The process has been lengthy and intriguing.
A small group of European organizers conceived the idea in 1996. They formed an honorary committee of experts who selected a pool of 200 eligible cars, based on a variety of criteria ranging from styling to technical innovation to popularity and longevity.
The organizers then invited about 132 reporters and editors from 33 countries to form a jury. Being nominated to the jury was an honor, and I accepted. Other jurors from the Automotive News family are Luca Ciferri, our correspondent in Italy, and Guillermo Lira, our correspondent in Mexico.
Each juror voted for 100 vehicles from the list of 200. Results were tabulated and the 100 candidates were identified.
There also was a yearlong phase during which the public voted for its favorites, mostly via the Internet or at exhibitions of the 100 models.
The 100 candidates for Car of the Century were winnowed to 27 and last month we jurors voted for five cars from the list of 27 nominees derived from the public voting.
On Dec. 18, the jury will convene in Las Vegas for the final vote, after which the Car of the Century will be announced during a live, worldwide telecast.
The outcome will be interesting for a couple of reasons.
1. Any time you have an international panel of judges, nationality can be a factor in the voting. The jurors all agreed not to be biased in their choices. But I'm not sure that happened. The 27 finalists were made up of five cars from the United States, eight from Germany, three from Italy, six from the United Kingdom, five from France and none from Japan, which seems odd, given the events of the past three decades.
2. Whether it's the Car of the Century or the North American Car and Truck of the Year (of which I also am a judge), the reporters and editors from enthusiast publications seem to have a more patrician view than those of us from business publications. You can almost hear their litany: 'It doesn't matter that they made only 50, or that the price was six times as much as a starter home in a decent neighborhood ... it looks cool and goes fast!'
For example, the five final U.S. candidates for Car of the Century are the 1965-67 AC Cobra, 1963-67 Chevrolet Corvette Stingray, 1964-68 Ford Mustang, Ford Model T and 1941-45 Willys Jeep.
From the beginning, the Car of the Century process has been more heavily weighted with sports and performance cars, but that's OK because it's part of the romance and sex appeal of the automobile.
My own view is that for the Car of the Century, value, utility and availability are probably more important than a vehicle's 0-to-60-mph time or the shape of its fender, although the closest thing to a minivan is the Renault Espace.
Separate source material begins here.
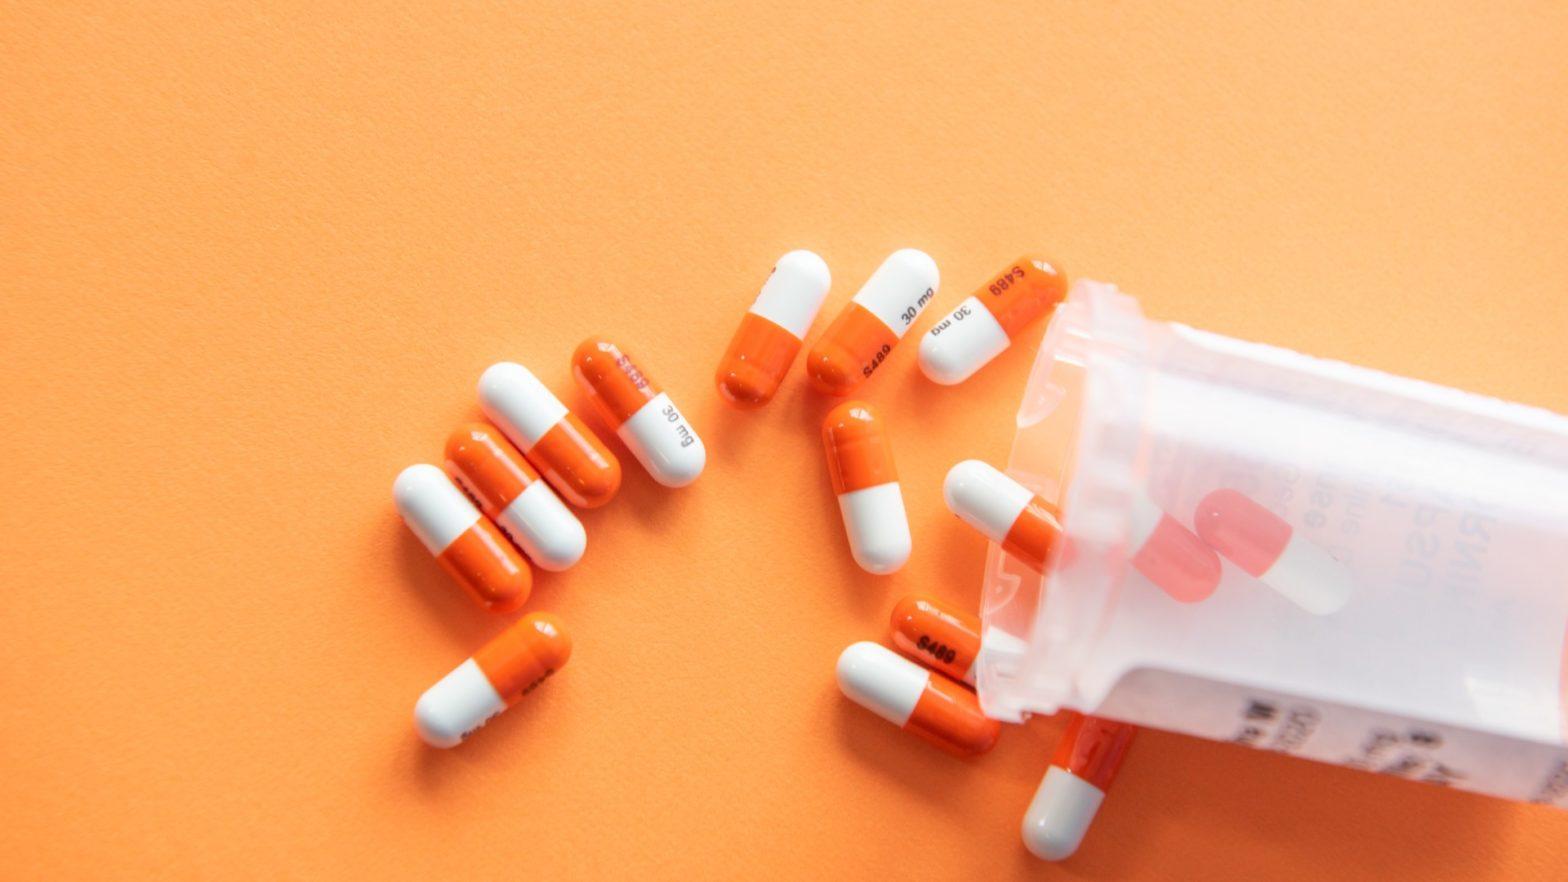 comprimidos espalhados por cima da mesa laranjada

Such obvious populist candidates as the Model T, Citroen 2CV and Volkswagen Beetle are on the list, so the final vote should be interesting and perhaps even exciting.
The great thing about the grand finale in Las Vegas is that car enthusiasts from around the world will be there to share in the excitement of selecting the Car of the Century, and the public is invited to the party. If you're interested in joining the festivities, you can get information at www.cotc.com.
I realize that 1999 is not the end of the century - or the millennium - but nothing is likely to happen in the next 12 months that will change the preceding 99 years.
And who cares? The weekend of Dec. 17-19 in Las Vegas will be quite a party for the global auto industry.